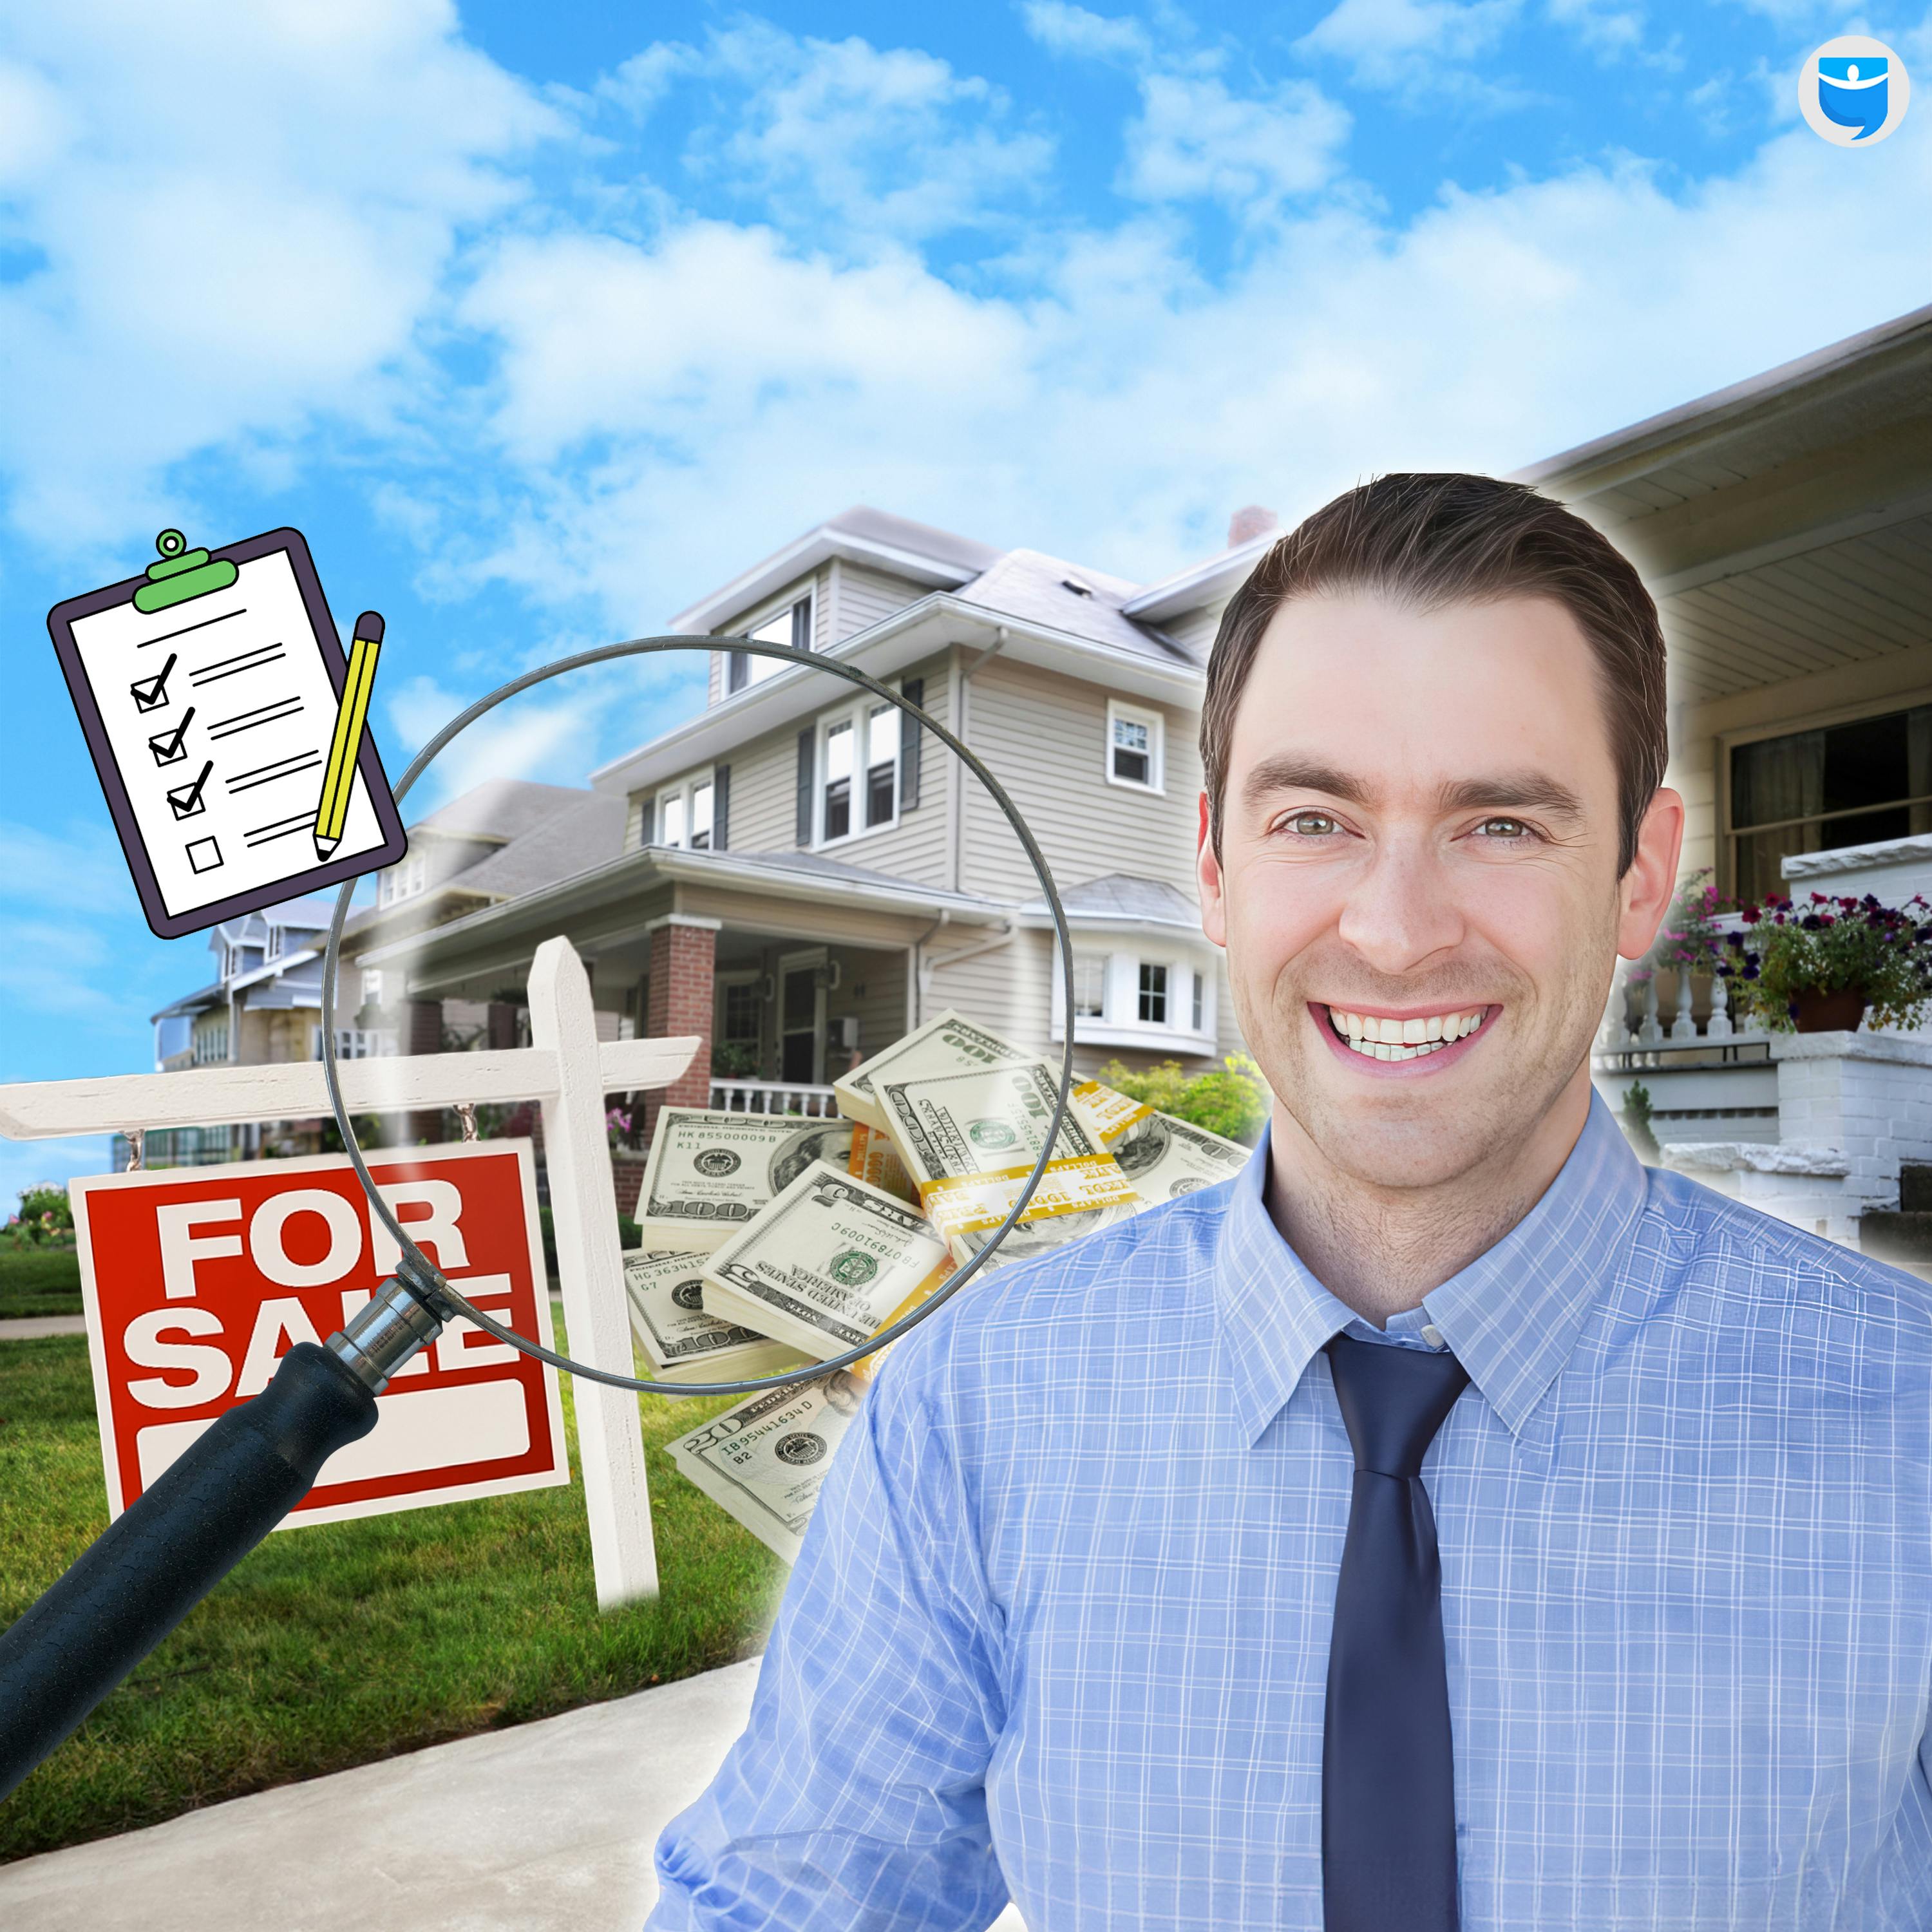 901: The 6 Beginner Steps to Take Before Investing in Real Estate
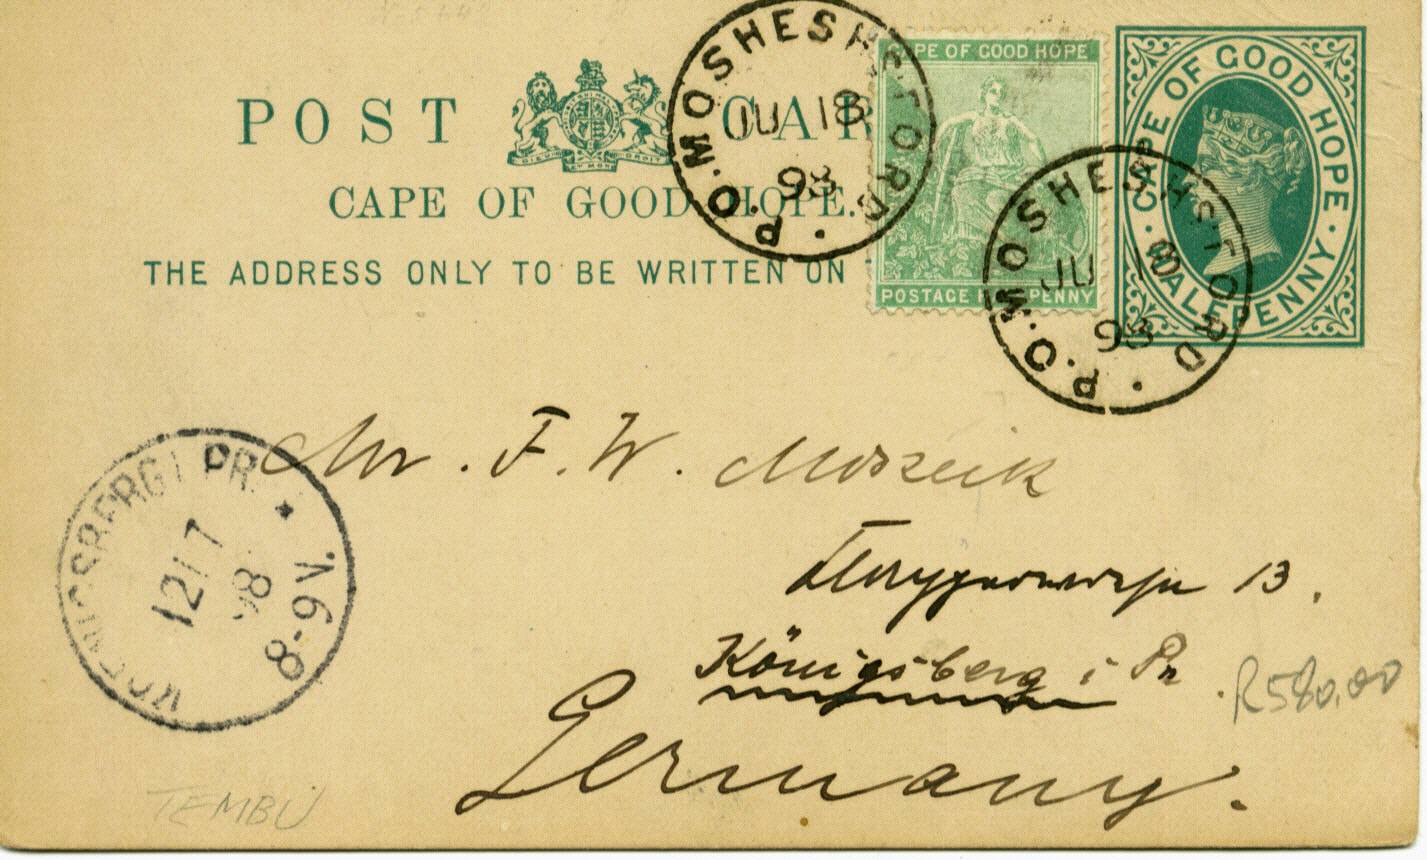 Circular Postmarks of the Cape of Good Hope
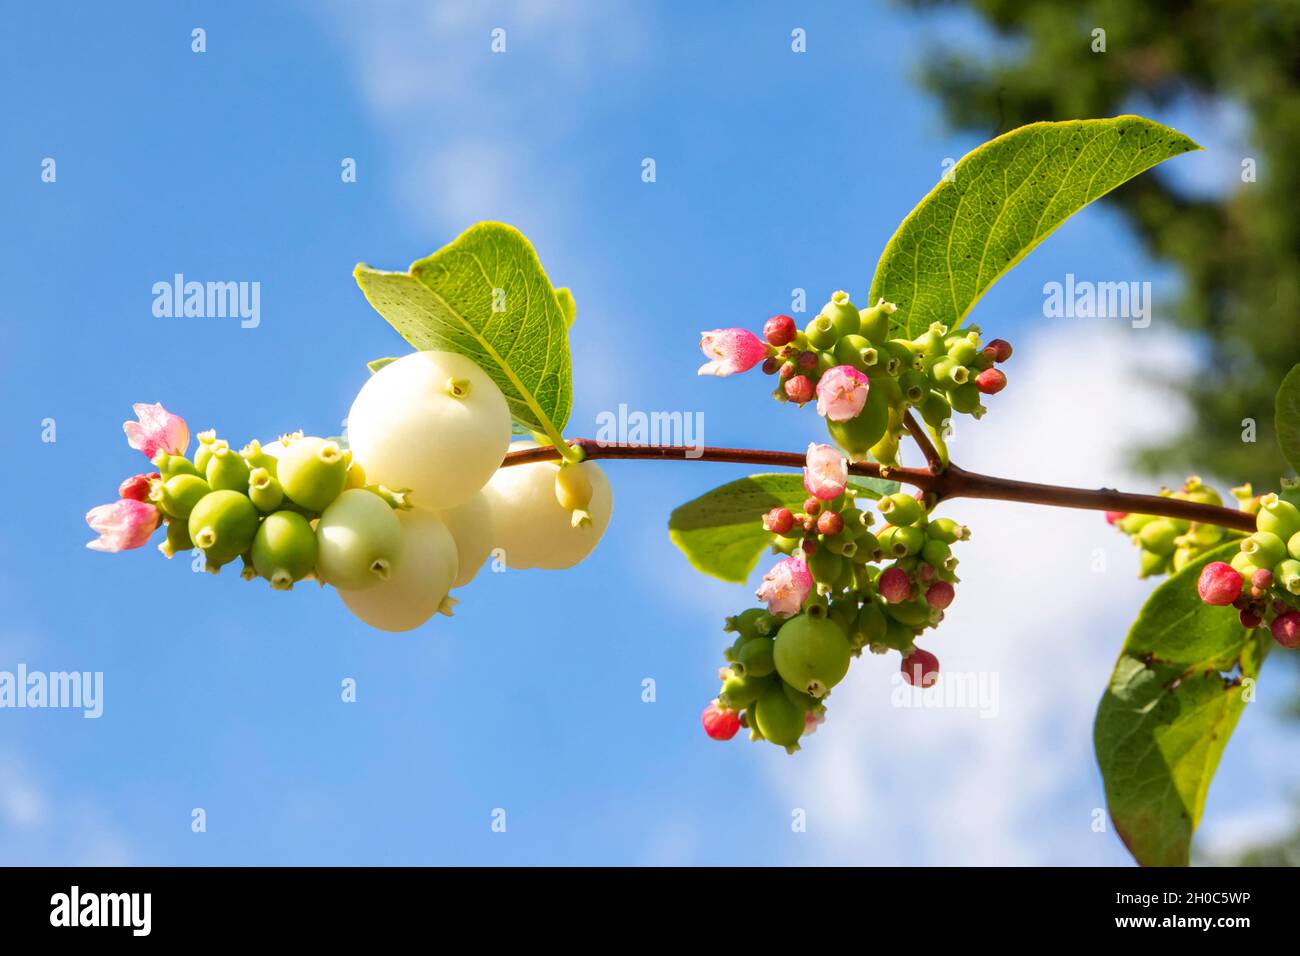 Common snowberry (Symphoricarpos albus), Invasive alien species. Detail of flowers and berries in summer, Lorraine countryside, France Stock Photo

▶ _Directions_:
Would you return the data exactly as written, without the pictures?

▶ _Completed task_:
 901: The 6 Beginner Steps to Take Before Investing in Real Estate
 Circular Postmarks of the Cape of Good Hope
 Common snowberry (Symphoricarpos albus), Invasive alien species. Detail of flowers and berries in summer, Lorraine countryside, France Stock Photo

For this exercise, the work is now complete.